● **Problem**
Repeat the listing exactly, minus the pictures.

● **Data excerpt**

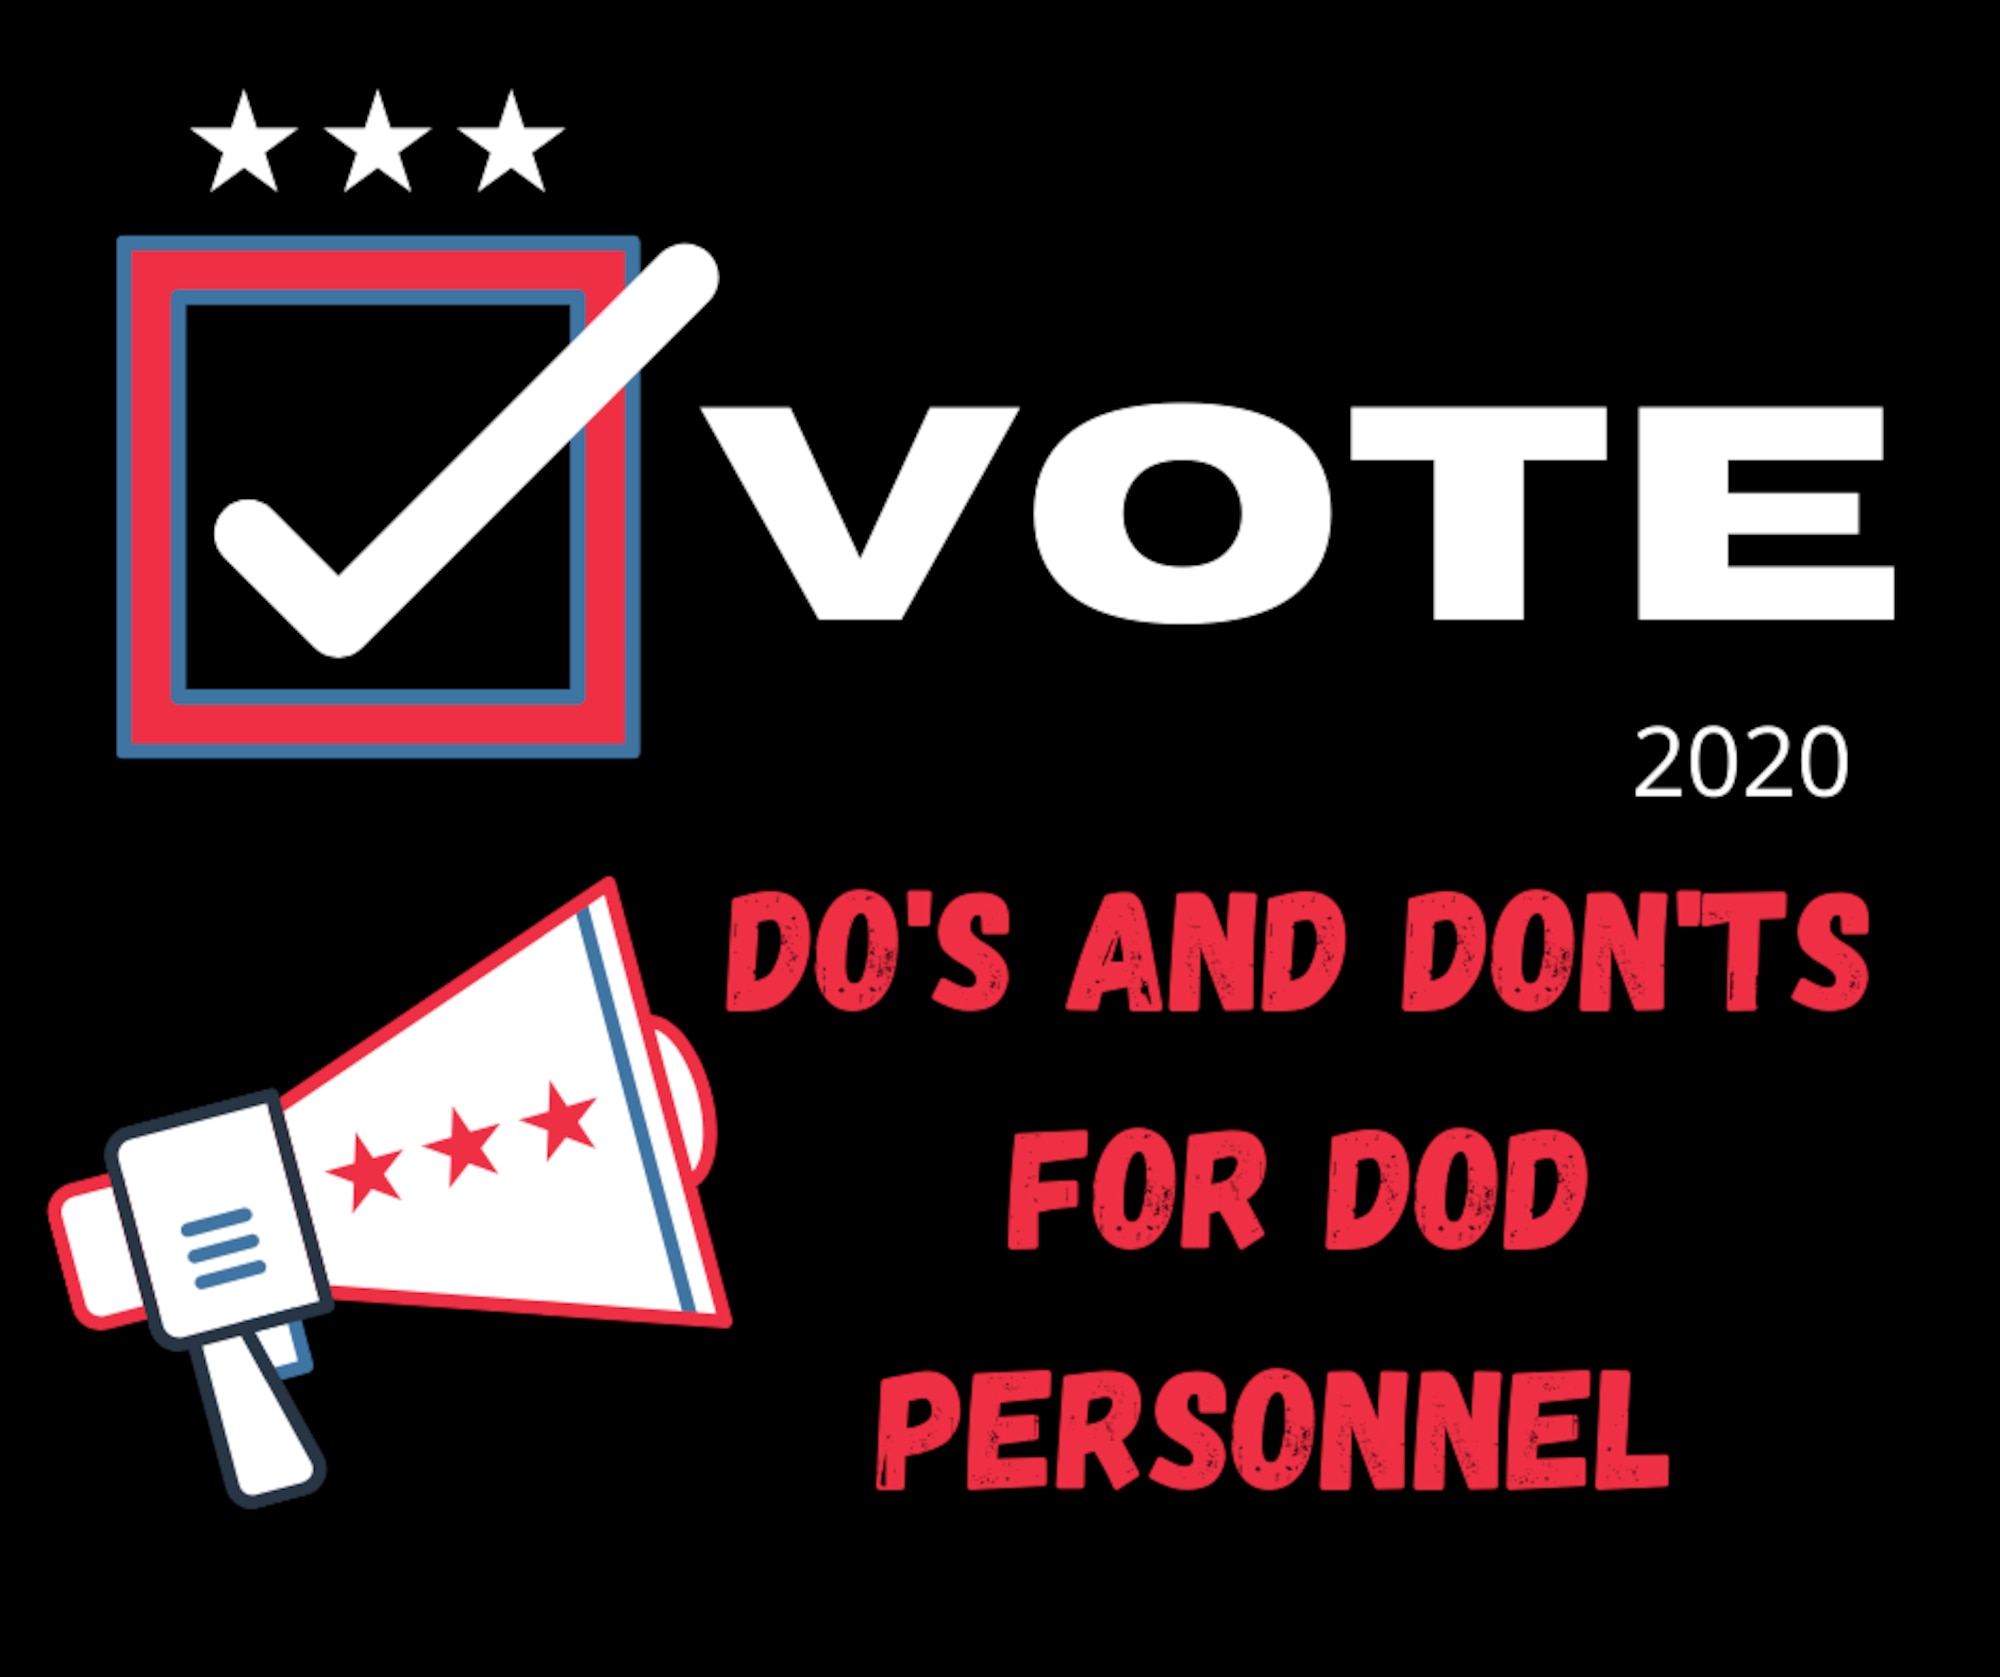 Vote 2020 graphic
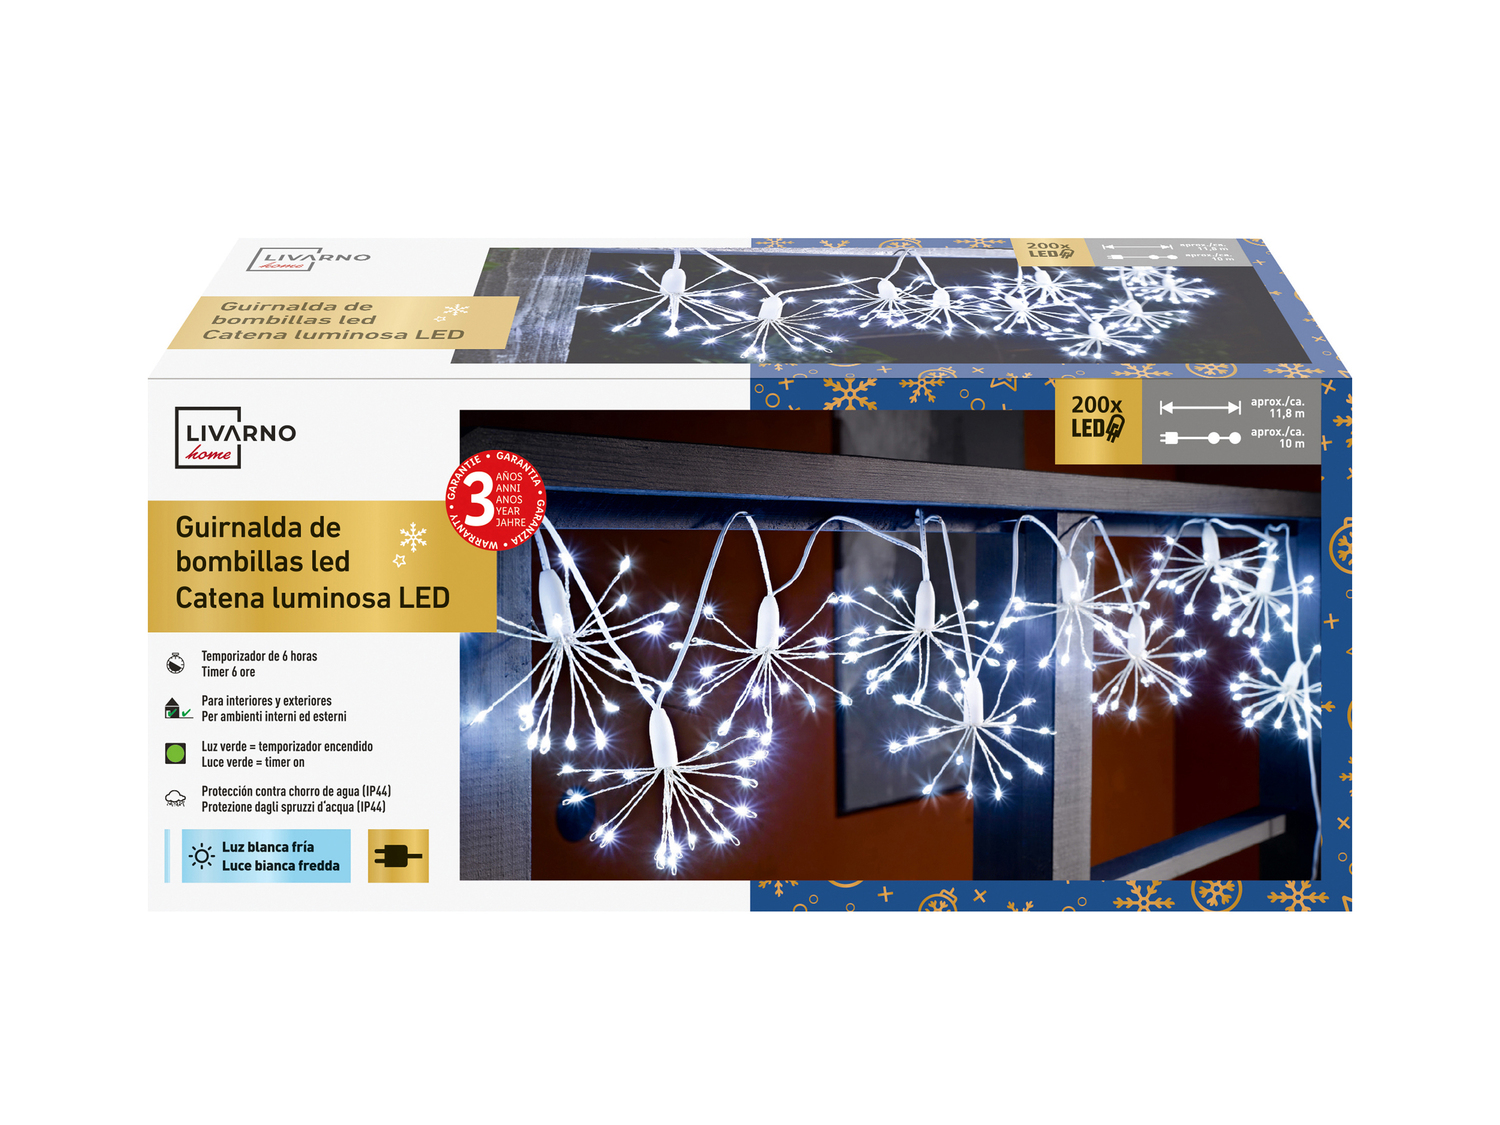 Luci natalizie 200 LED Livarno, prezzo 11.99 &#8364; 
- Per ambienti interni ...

● **The answer**
 Vote 2020 graphic
 Luci natalizie 200 LED Livarno, prezzo 11.99 &#8364; 
- Per ambienti interni ...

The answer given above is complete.